Note that this is already as good or slightly better than the winner of the original kaggle competition three years ago. At that time they did not have pretrained resnet models at hand.
Or validation set has 1000 images, so an accuracy of 0.990 means only 10 classification errors.
Let's plug this on top the base model to be able to use it to make some classifications on our held out validation image folder:
In [32]:
model = Model(base_model.input, top_model(base_model.output))
In [33]:
flow = ImageDataGenerator().flow_from_directory(
validation_folder, batch_size=1, target_size=(224, 224))
plt.figure(figsize=(12, 8))
for i, (X, y) in zip(range(15), flow):
plt.subplot(3, 5, i + 1)
plt.imshow(X[0] / 255)
prediction = model.predict(preprocess_input(X))
label = "dog" if y[:, 1] > 0.5 else "cat"
plt.title("dog prob=%0.4f\ntrue label: %s"
% (prediction, label))
plt.axis('off')
Let's compute the validation score on the full validation set:
In [34]:
valgen = ImageDataGenerator(preprocessing_function=preprocess_function)
val_flow = valgen.flow_from_directory(
validation_folder, batch_size=batch_size, target_size=(224, 224),
shuffle=False, class_mode='binary')
all_correct = []
for i, (X, y) in zip(range(val_flow.n // batch_size), val_flow):
predictions = model.predict(X).ravel()
correct = list((predictions > 0.5) == y)
all_correct.extend(correct)
print("Processed %d images" % len(all_correct))
print("Validation accuracy: %0.4f" % np.mean(all_correct))
Exercise: display the example where the model makes the most confident mistakes.

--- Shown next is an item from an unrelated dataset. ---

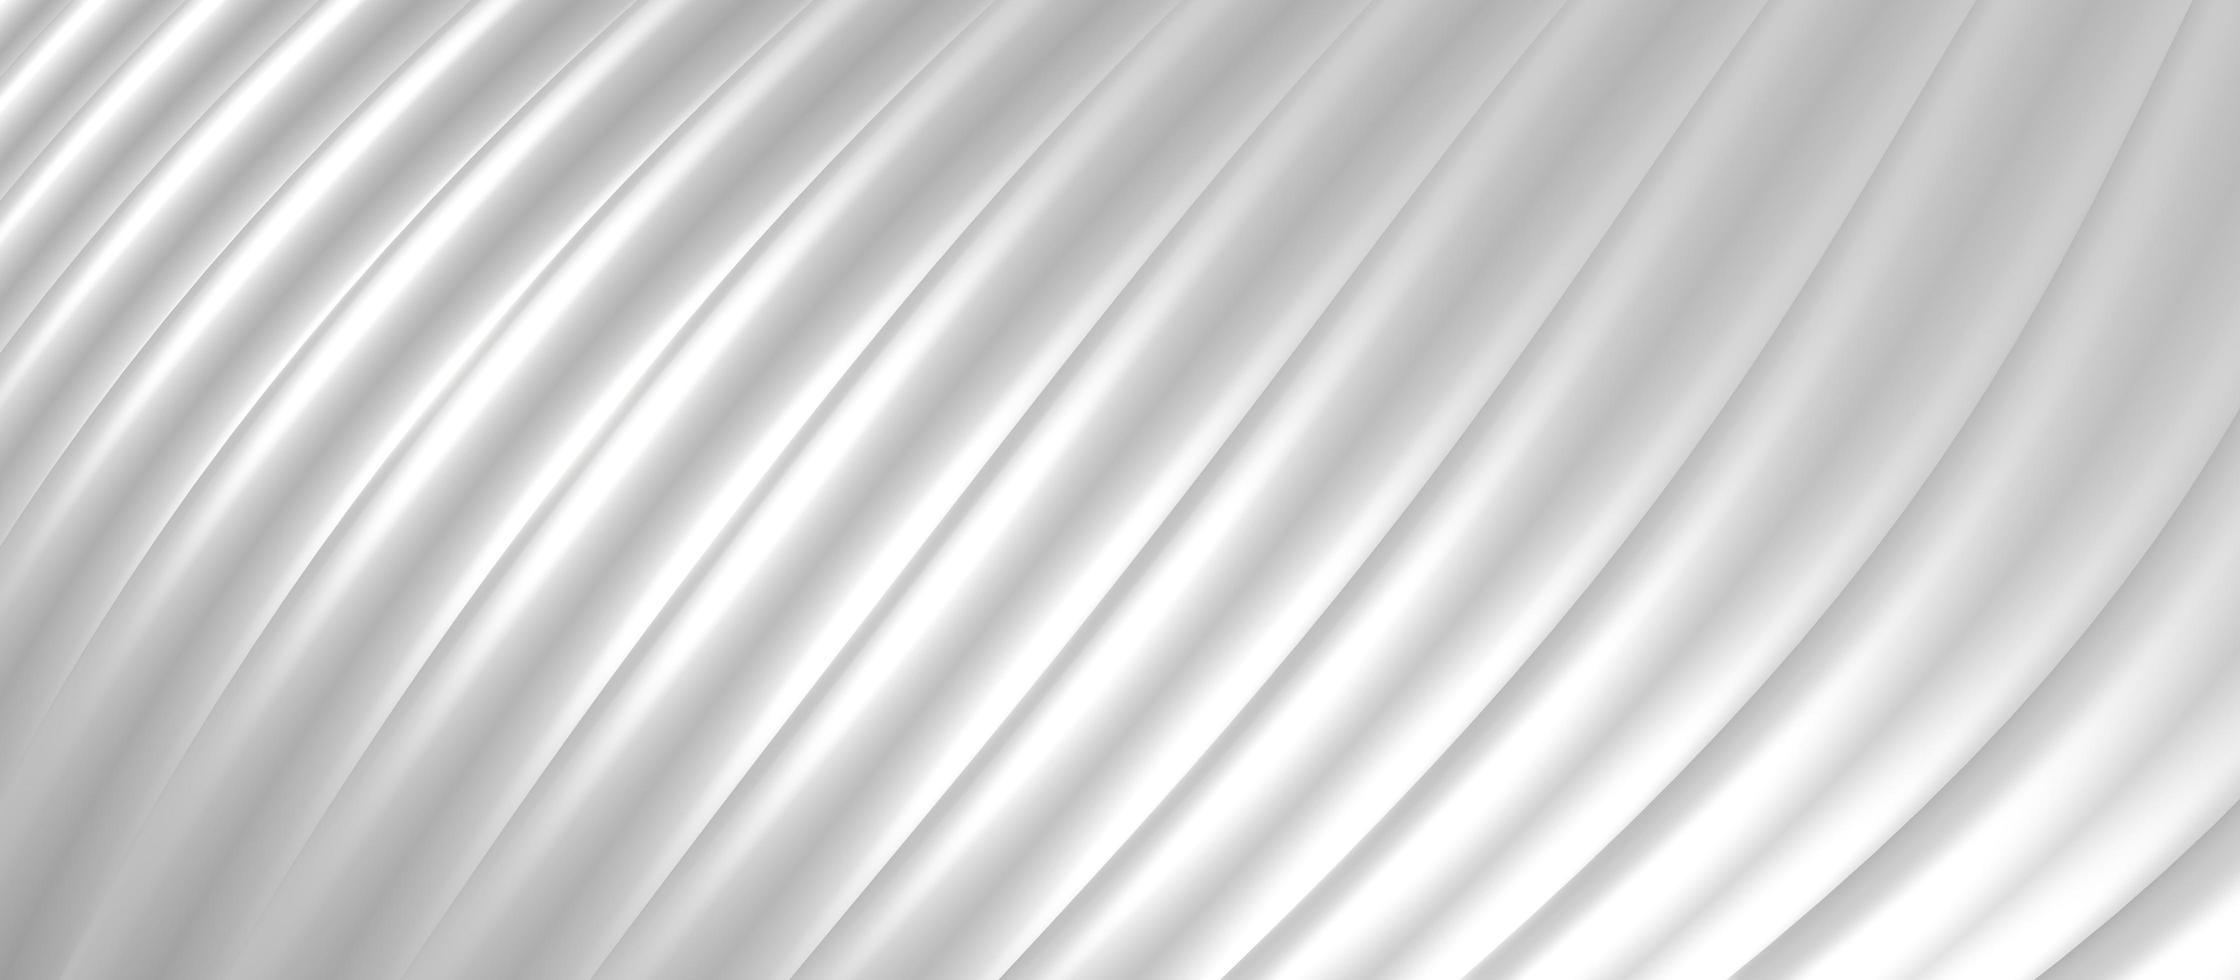 white plastic wave parallel lines background Wave of a bent curve 3d illustration photo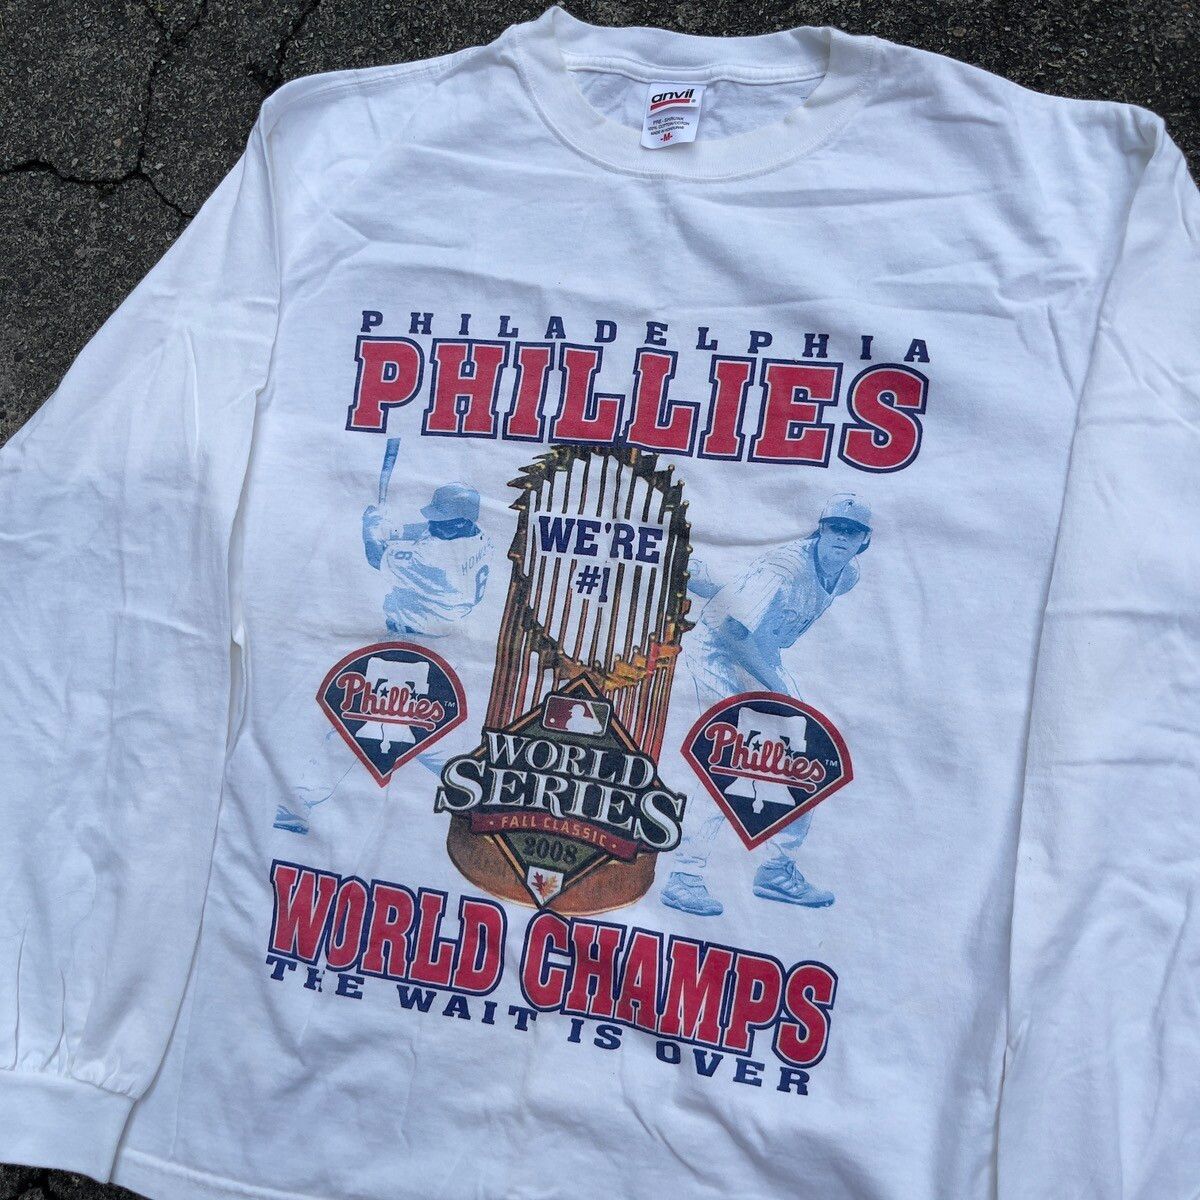 Vintage 2008 Philadelphia Fans Champions Sports Long Sleeve Shirt Size US XL / EU 56 / 4 - 2 Preview

To display images in jupyter notebook you can use:
from IPython.display import Image, display
import os.path as op
display(Image(op.join(validation_folder, image_name)))
The filenames of items sampled by a flow (without random shuffling) can be accessed via: val_flow.filenames
.
In [ ]:
In [35]:
# %load solutions/dogs_vs_cats_worst_predictions.py
from IPython.display import Image, display
predicted_batches = []
label_batches = []
n_batches = val_flow.n // batch_size
for i, (X, y) in zip(range(n_batches), val_flow):
predicted_batches.append(model.predict(X).ravel())
label_batches.append(y)
print("%d/%d" % (i + 1, n_batches))
predictions = np.concatenate(predicted_batches)
true_labels = np.concatenate(label_batches)
top_offenders = np.abs(predictions - true_labels).argsort()[::-1][:10]
image_names = np.array(val_flow.filenames, dtype=np.object)[top_offenders]
for img, pred in zip(image_names, predictions[top_offenders]):
print("predicted dog probability: %0.4f" % pred)
display(Image(op.join(validation_folder, img)))
# Analysis:
#
# The worst offender has the grid occlusion: this kind of grids is
# probably much more frequent for dogs in in the rest of the training
# set. This is an unwanted bias of our dataset.
#
# To fix it we would probably need to add other images with similar
# occlusion patterns to teach the model to be invariant to them.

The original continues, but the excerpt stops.